At first, the complex was simply called the Crescent, the epithet "Royal" was added at the end of the 18th century, when Frederick, Duke of York and Albany, lived in houses 1 and 16.

John Wood only designed the façade of this complex, decorated with Ionic columns. The future owners of the houses bought themselves a plot of the façade and hired their own architect to construct the building.

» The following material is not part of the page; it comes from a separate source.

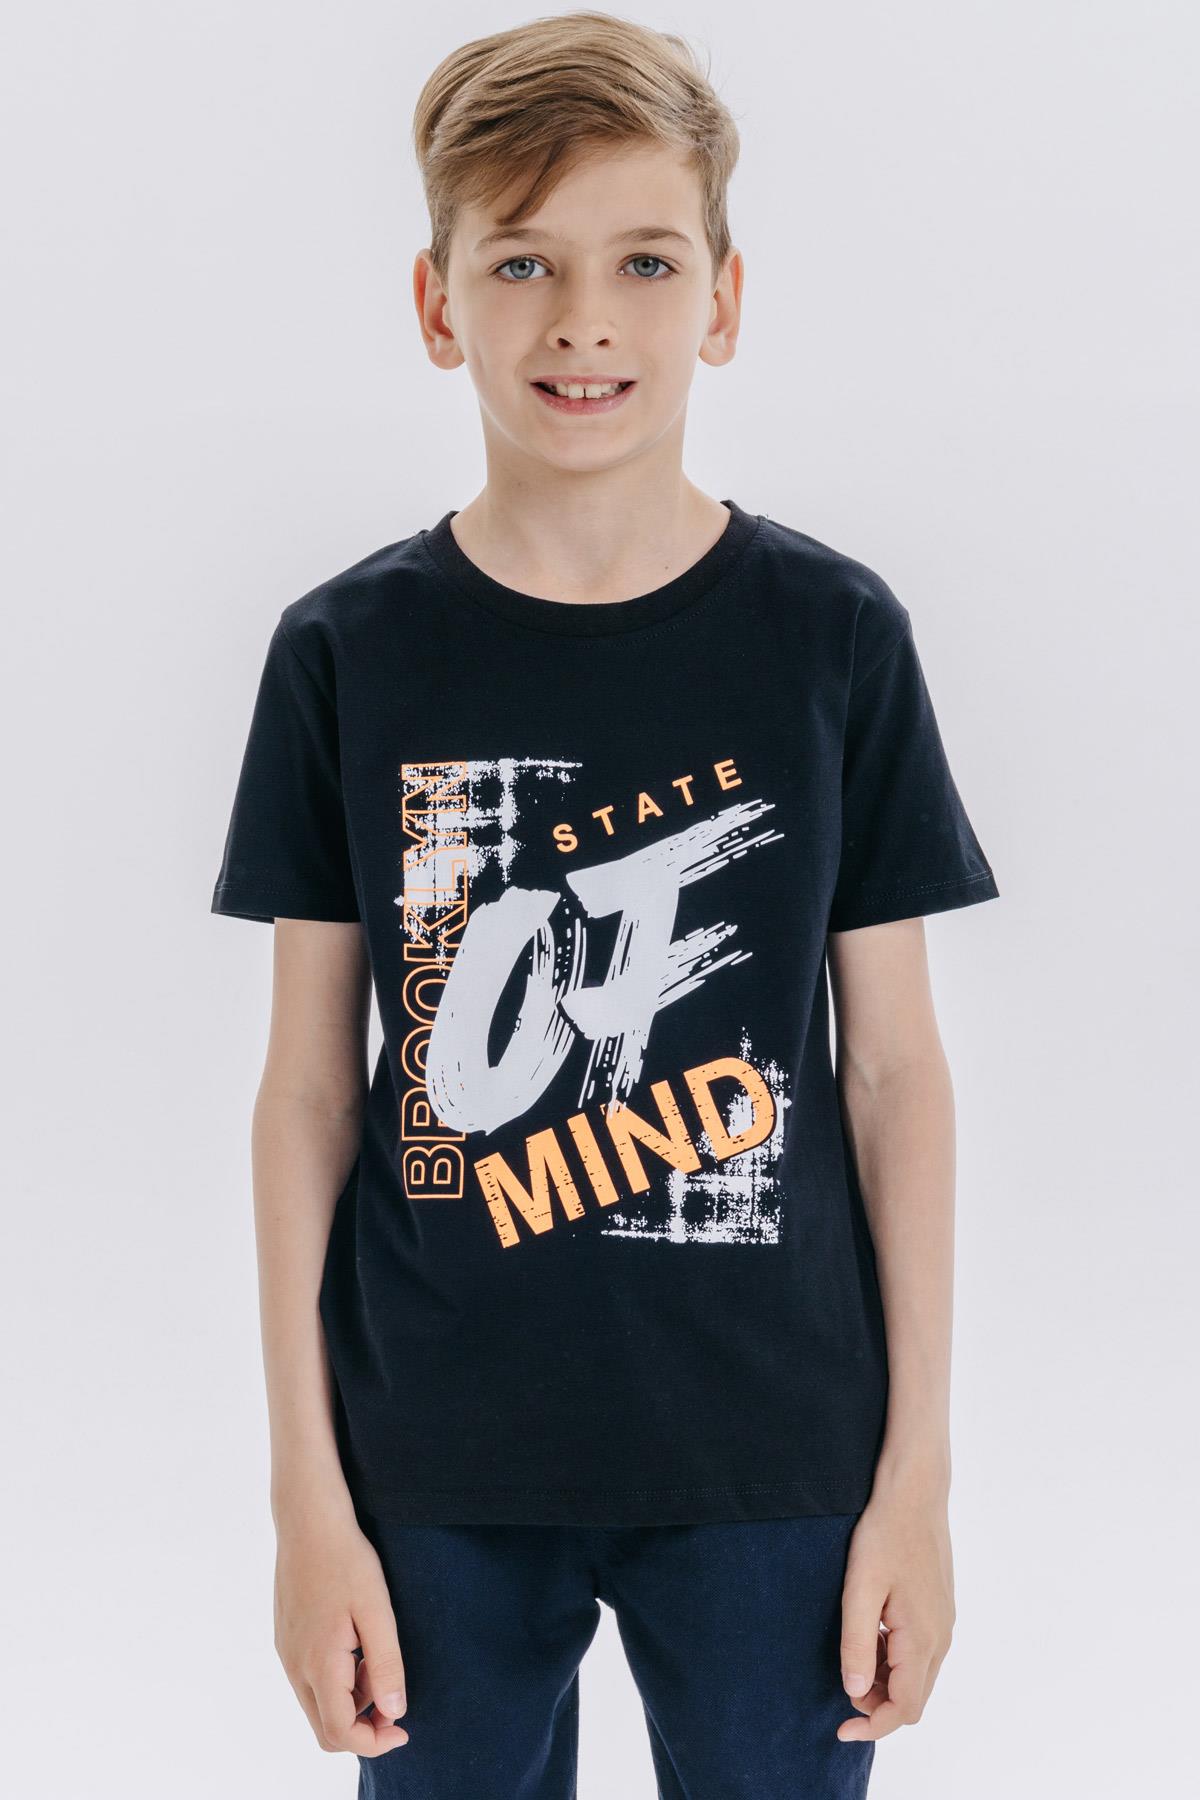 Erkek Çocuk Tişört Yazı Baskılı Siyah 10-14 Yaş - Yazlık Tişört Modelleri |  Breeze

The result is a unique structure - with a single facade, the back side of the houses is a chaotic mixture of buildings of different layouts and roofs of different heights. "Royal facade and backyard cooks" - this is the name of this style in Bath.

John Wood Jr., like his father John Wood Sr., was interested in occult and Masonic symbols. Some find these symbols in their buildings. The Royal Crescent and the nearby Circle - three curved buildings in an arc, and a circular square in the middle, by John Wood Sr. - symbolize the moon and the sun, and the Circle with adjacent Gay Street and Queens Square in the plan form a key - also one of Masonic symbols.

Famous people lived in these houses at different times: Marie-Louise de Lamballe, maid of honor of Queen Marie Antoinette, Prince Frederick Duke of York and Albany, poet and playwright Richard Sheridan. Here was born the "Society of Blue Stockings" - this was the name of the salon of Lady Elizabeth Montagu.

Now house number 1 houses a museum, and houses number 15 and 16 are merged, and there is a hotel.